This article describes a versatile family of functions that are increasingly roughened by successive interpolations. They reproduce, in the simplest way possible, the main features of financial prices: continually varying volatility, discontinuity or concentration, and the fact that many changes fall far outside the mildly behaving Brownian 'norm'. Being illuminating but distorted and incomplete, these constructions deserve to be called 'cartoons'. They address both the observed variation of financial prices and the generalized model the author introduced in 1997, namely, Brownian motion in multifractal time.
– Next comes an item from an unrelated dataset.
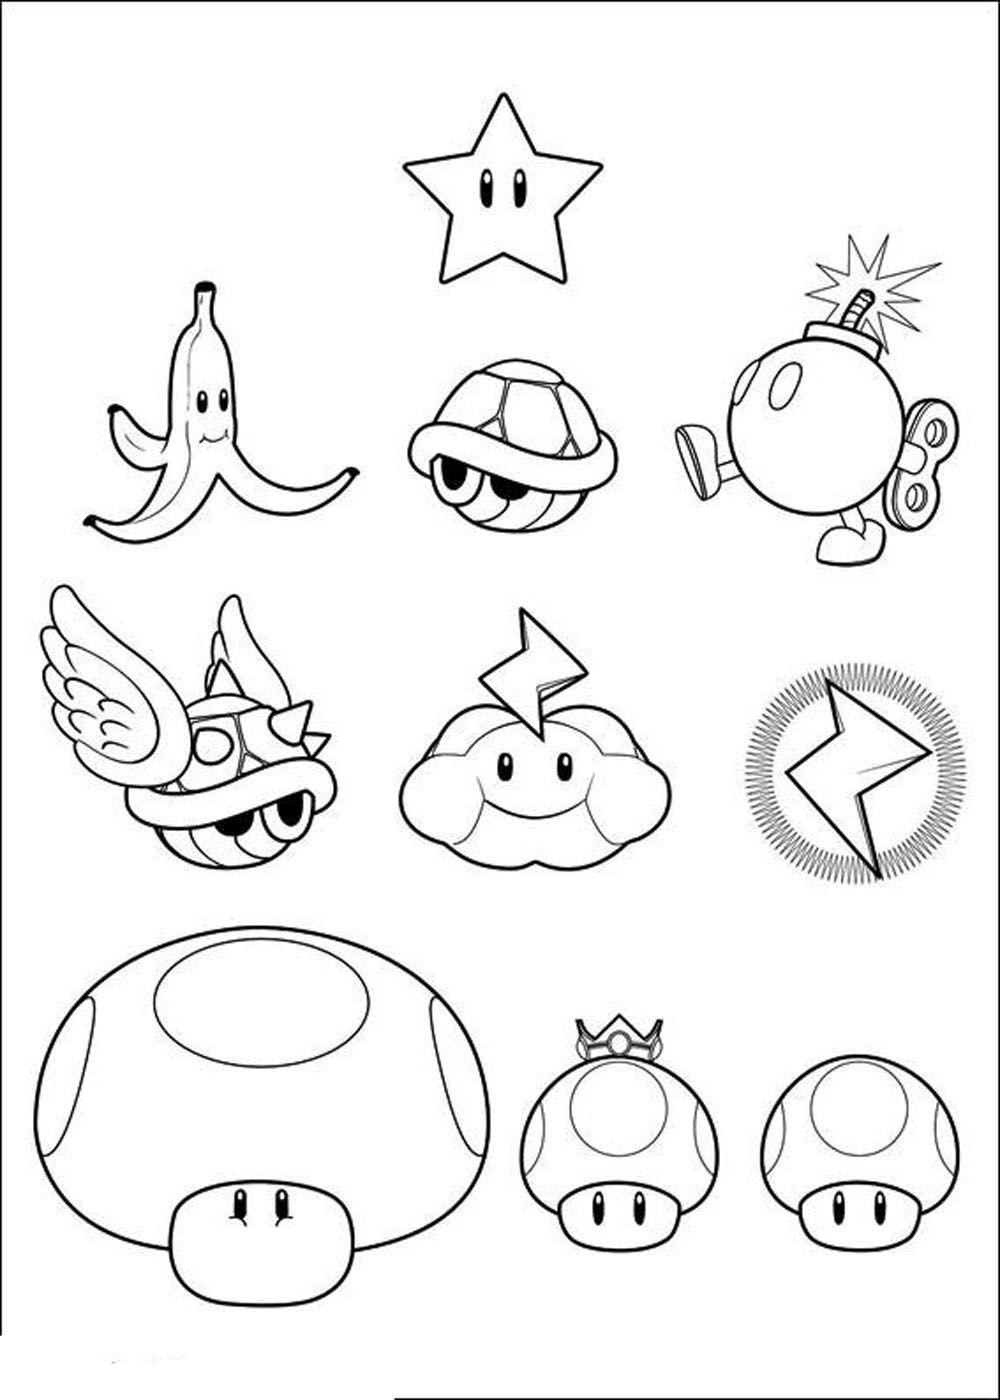 Super Mario Bros Characters Coloring Pages - Coloring Home

Special cases of the same construction provide cartoons of the Bachelier model - the Wiener Brownian motion - or the two models the author proposed in the 1960s, namely, Levy stable and fractional Brownian motions. The cartoons are the embodiment of the author's 'principle of scaling in economics'. While rich in structure, they are unexpectedly parsimonious, easily computed, and easily compared to one another by being associated with points in a square 'phase diagram'.

Suggested Citation

  • B. B. Mandelbrot, 2001. "Scaling in financial prices: III. Cartoon Brownian motions in multifractal time," Quantitative Finance, Taylor & Francis Journals, vol. 1(4), pages 427-440.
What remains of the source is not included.